It has never been easy to get old, I’m certain of that. It’s not getting any easier either, I’m certain of that too.
Most of the hassles are of the bureaucratic kind. Money hassles in general; dealing with Social Security and Medicare; taxes; doctor bills; working; investments if you’re lucky. Illness and decrepitude are hassles, that’s for sure. My least favorite hassles, however, are the ones that come from other people in the form of silly ideas. Things like, “Social Security and Medicare are entitlement programs (and we can’t afford such giveaways)”; “how long should people have to work before they can start on Social Security?”; and my least favorite, “Baby Boomers fucked up the world.”
That last one, amazingly, often comes from Baby Boomers themselves. If that’s the case, usually It’s a Conservative Baby Boomer complaining about Liberal Baby Boomers. Most often, though, it comes from younger people, and it really gives me a “hey you kids, get off my lawn” moment when that happens. Young people have been annoying since the dawn of time, but I’m getting to the age when it becomes most noticeable. When young people today complain about Baby Boomers they have a twofold agenda: 1) Baby Boomers made mistakes that have ruined my planet or my finances and limited my opportunities or something; and 2) when are my Baby Boomer parents going to die so that I can get my hands on “my” money? Man, I like ISIS better than I like some of these young people.
And by the way, all of you hipsters, with your hipster hats, you’d better hurry up and knew this:
As you are, we once were; as we are, so you will someday be. (To paraphrase skeletal death on those Middle Ages tombstones.)
And that’s if you’re lucky! Not everybody gets the luxury of old age. I was definitely thirty-five-years-old at one time, and I was thirty-five for an entire calendar year. Many of these whining youngsters will be dead before they reach my age. Maybe long dead. Some of them deserve it, too.
Everybody gets the same deal. Everybody who lives a normal life span, who hits the actuarial predictions, lives exactly one year at each year of age. Everyone’s year is the same 365 days; the same 525,600 minutes. My “three score and ten” is the same as everybody else’s “three score and ten.” All young people, including we Boomers, have always shared the illusion that they will somehow beat the odds and remain young forever, because they exercise, or eat right, or will get lucky, or the doc’s will figure something out, forever. The certainty of death only begins to sink in at around forty-five-years-old. It all happens faster than anyone expected it to as well. If you’re alive now, you’ll be dead within only a few thousand heartbeats after me. We’re alive . . . we’re dying . . . and, we’re gone. That’s the deal. And it’s not the fault of Baby Boomers.

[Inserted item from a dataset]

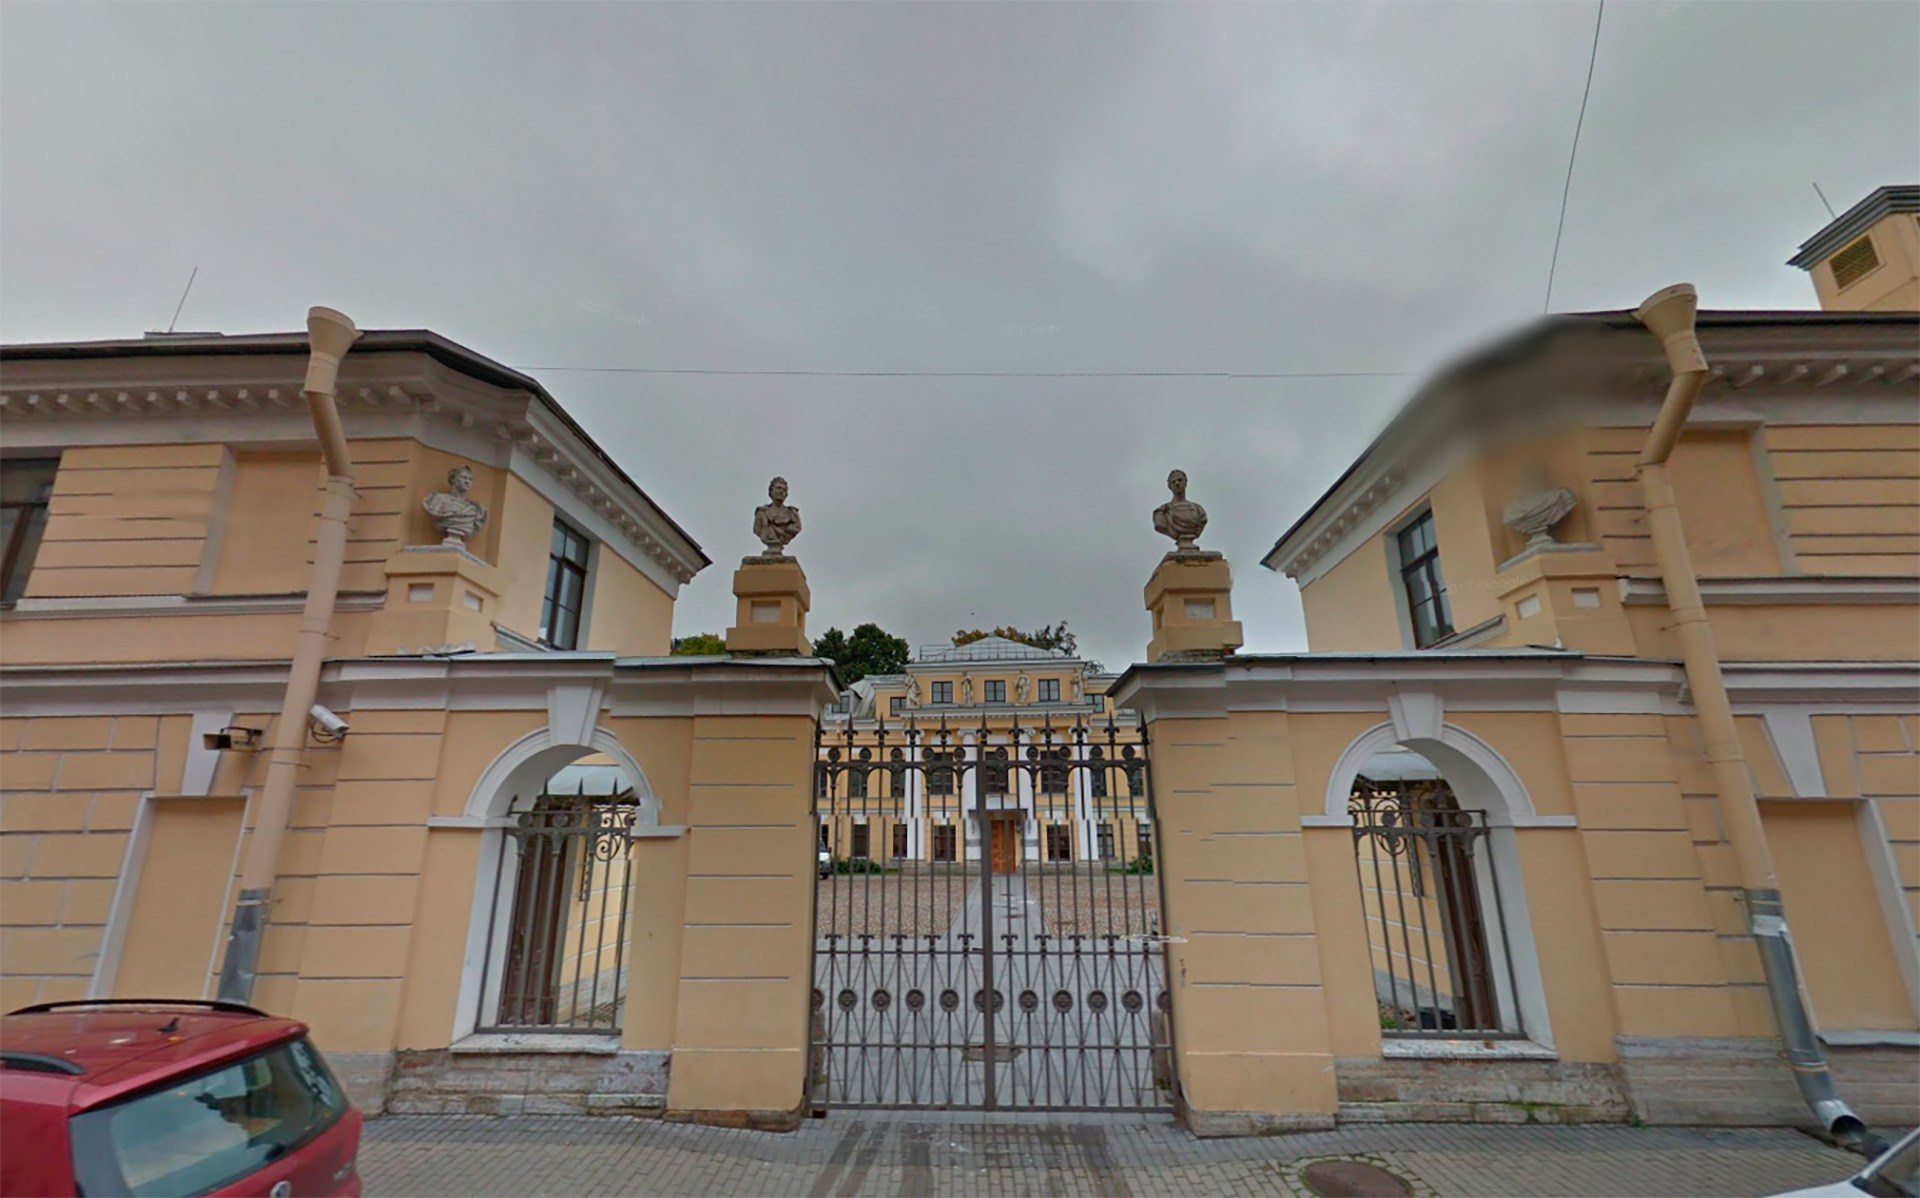 The Bobrinsky Palace / GoogleMaps
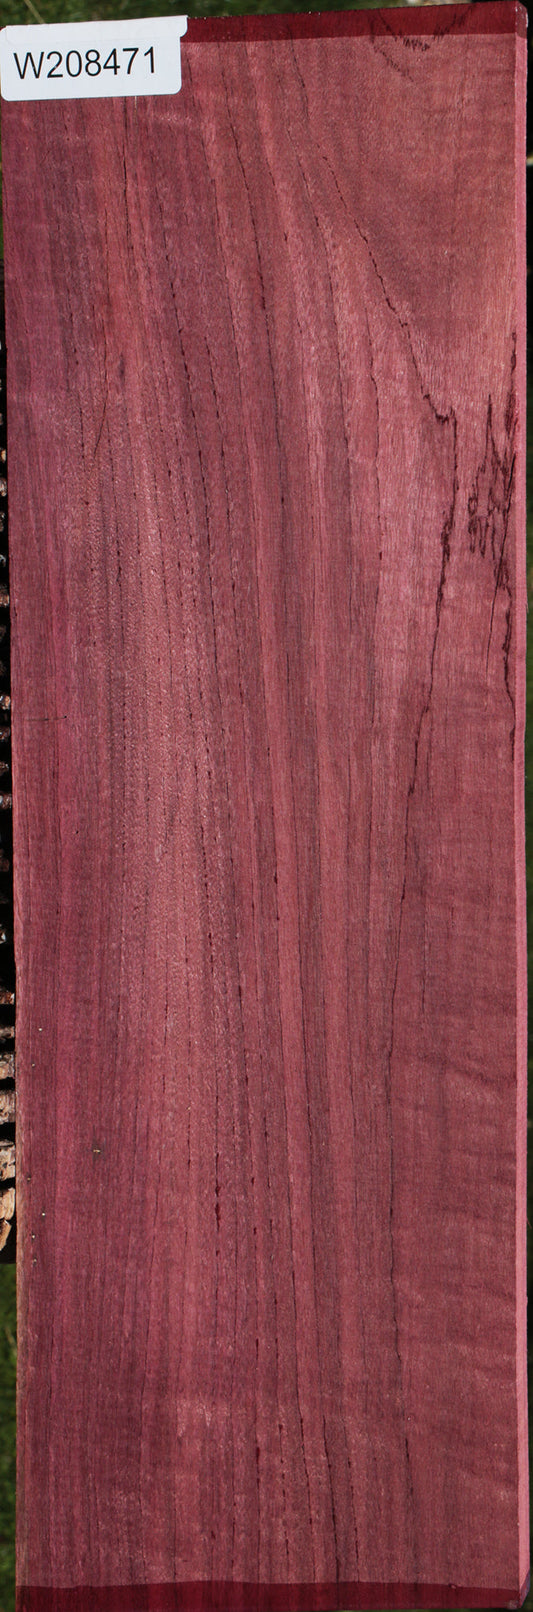 Figured Purpleheart Lumber

It’s not cool to blame shit on previous generations. Intergenerational struggles are like a Golden Gloves boxing match, where a couple of kids wear huge pillowy gloves and flail away at each other without really accomplishing anything. Baby Boomers may be in a unique situation, now that I think of it. When we were young men and women, our parent’s generation was jealous of us, and by now I think these young hipsters are jealous of us as well. After all, our fun made their fun look like a work camp. And young people today should bow down and thank us for breaking up the old social status quo. We died for their sins! All of the things that they now believe make them cool came from us Boomers.
And here’s a tip, boys and girls. If you’ve got your eye on mommy and daddy’s money, don’t say that shit out loud. Keep that as your most closely held secret. Because we are a nation of laws, and your parents can do whatever they want with that money. I would encourage them to consider the matter very seriously.
And here’s a tip for Baby Boomers whose adult children are measuring them for coffins and taking inventory of their property and accounts: don’t forget to put your ungrateful children in your will for $100. That way they can’t take the battle to the Probate Court arguing that you just forgot to mention them and that you really intended to leave everything to them.